This dissertation addresses one of the fundamental issues in landscape architecture, environmental planning as well as the general field of environment and behavior: the relationship between vegetation settings and neighborhood safety. Being built upon a critical debate on whether vegetation is actually helpful or harmful to crime prevention, this piece of research seeks to answer how different types of vegetation affect various categories of crime in neighborhoods with varied socio-economic and environmental characteristics. It has a firm grounding in a group of interdisciplinary theories, including environmental psychology, crime prevention through environmental design (CPTED), and neighborhood criminology. Through synthesizing these theories, an innovative theoretical framework that integrates vegetation factors with traditional crime factors identified by major schools of thought of neighborhood criminology is constructed to comprehensively explain the incidence of neighborhood crime. More specifically, the study seeks to answer how the existence of various types of vegetation settings is related the occurrence of neighborhood crime after removing the effects of major crime factors as identified by neighborhood criminology literature. To achieve these objectives, a data rich environment is built for the investigation of the issue through collecting a rich set of geospatial and attribute data on all relevant factors, including vegetation settings and traditional crime factors, for the study area, i.e. Oakland, California.

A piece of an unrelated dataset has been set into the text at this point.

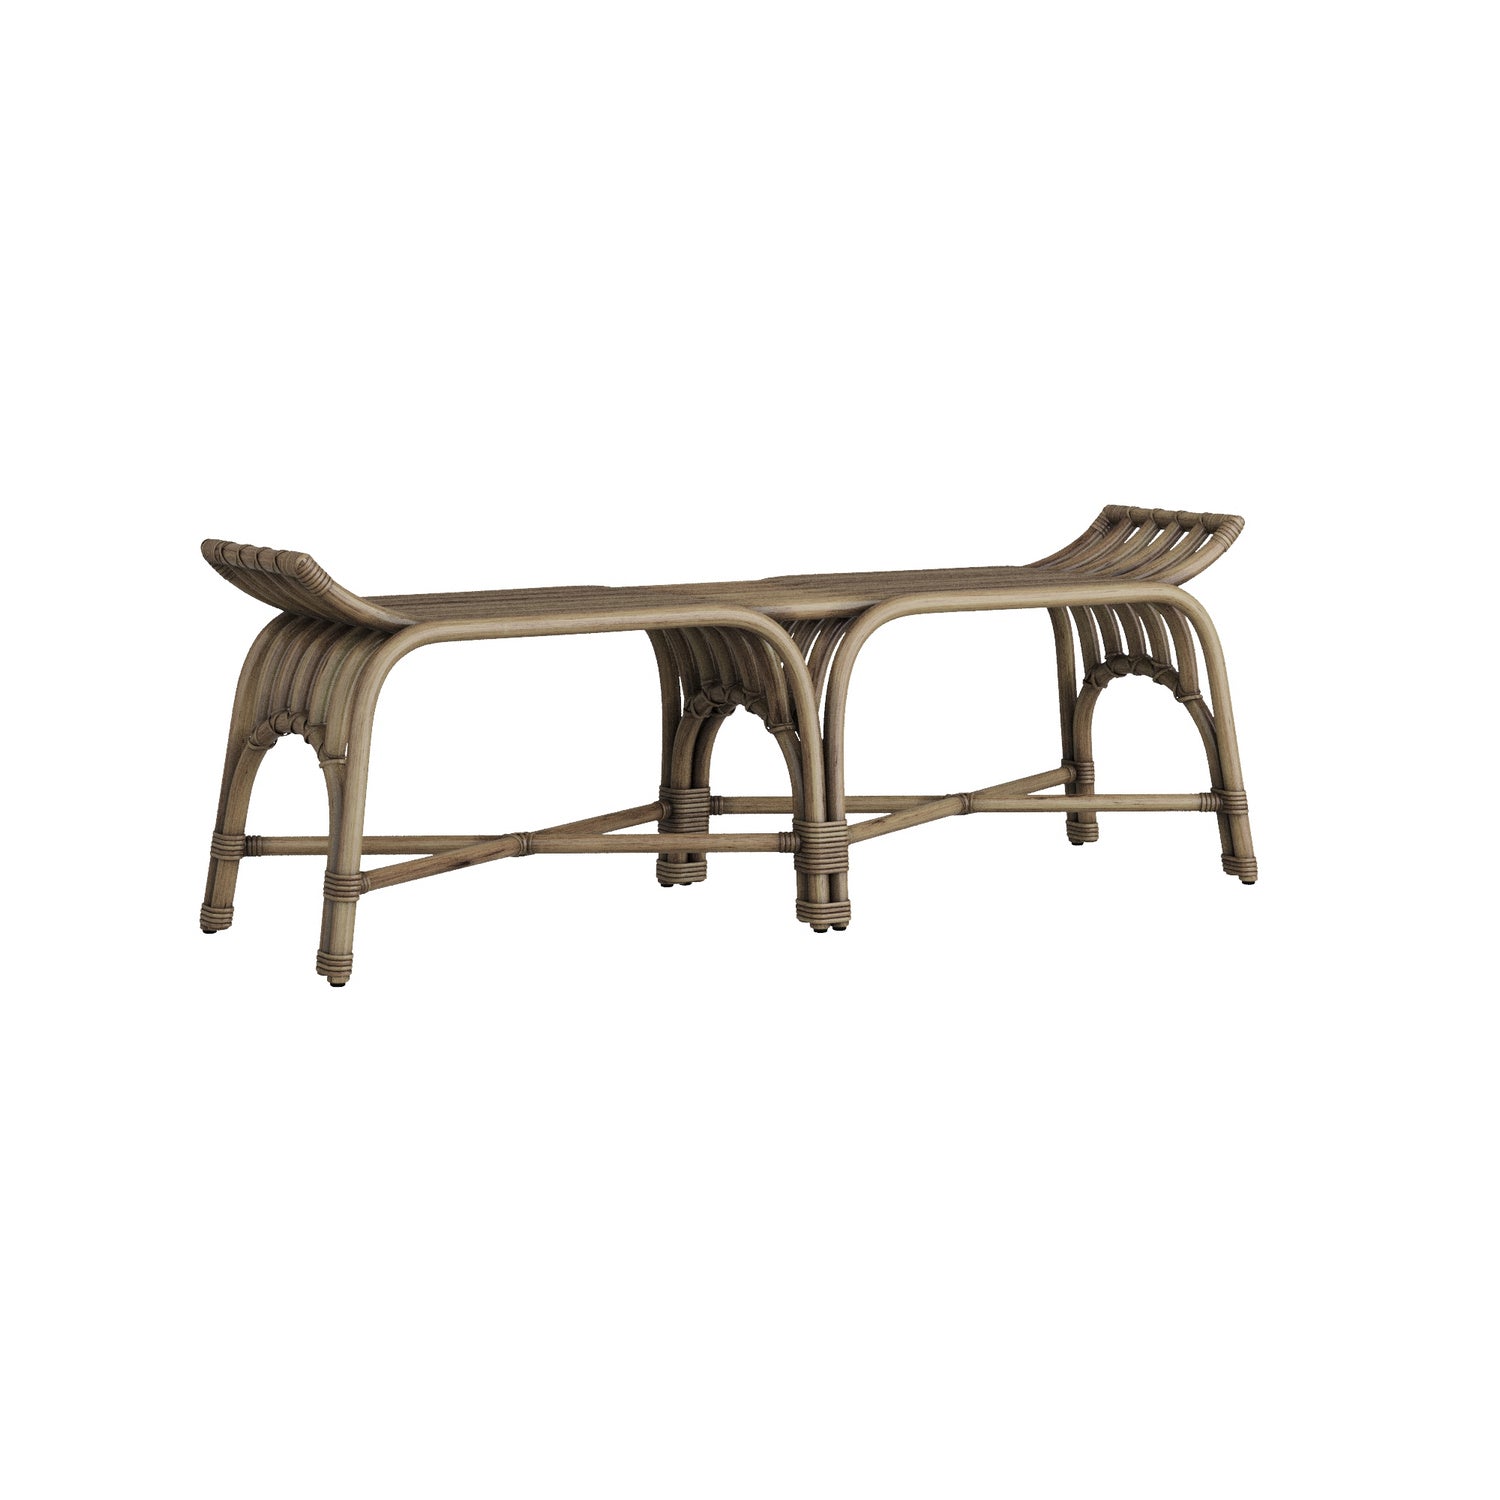 Bench from the Purcell collection in Gray Wash finish

With the huge raw dataset at hand, the primary task of research is to transform them into a uniform format through remote sensing image processing and GIS modeling. The data transformation process is therefore in two phases. The first one was to extract detailed, individual-tree level vegetation cover and vegetation height from very high resolution remote sensing images. A comprehensive approach, which consists of image registration, segmentation, object-based image classification, ground truth sampling, accuracy evaluation, and geospatial modeling, is developed for this purpose. A shadow modeling method comprised of geometric modeling, spatial decomposition, geo-processing and other GIS methods is then applied to extract vegetation height from detail image objects of vegetation and shadow. Next, the study further models the view-blocking effects of vegetation settings through a rule-based hierarchical evaluation system. Lastly the accuracy of the approaches is checked with in situ data collected with GPS instruments. Accuracy assessment indicates that the approaches are successful in measuring detailed vegetation distribution and their view-blocking effects.
The second phase of data processing focuses on spatial data integration and modeling. In this phase we transform data from multiple sources and in multiple formats to data in uniform format and consistent quality with state of the art geospatial methods and automated GIS procedures. GIS methods applied include geo-coding, spatial sampling, areal interpolation, network routing, geospatial statistics, etc. As outcome, a new geo-database containing uniform data for over two hundred variables is generated for each of the sampled neighborhoods in Oakland.
To analyze the entire dataset, the research applies multiple regressions and multivariate analyses to answer the proposed research questions, i.e. whether there is a significant relationship between vegetation settings and neighborhood crime, after having controlled the effects of other crime factors. Results of this research prove that the integration of geospatial modeling and advanced statistical analyses is of central importance to ensure the explanation of up to 97% of Part I neighborhood crime. In light of their effects on crime, vegetation settings are found to have a positive relationship with property crime, while a negative relationship with most violent crime. More high view-blocking vegetation settings, especially in public space, are significantly correlated with more violent crime but less property crime. In summary, the relationships between vegetation settings and crime are more complex than that were reported in the literature. How vegetation settings affect neighborhood safety is not only a matter of demographic and socioeconomic status of people, planning and management of urban space, and the construction of landscape settings, but also determined by the mechanisms, through which different types of crime occur in varied social and physical context. Therefore, for various categories of crime, the impacts of landscape settings could be totally different. (Abstract shortened by UMI.)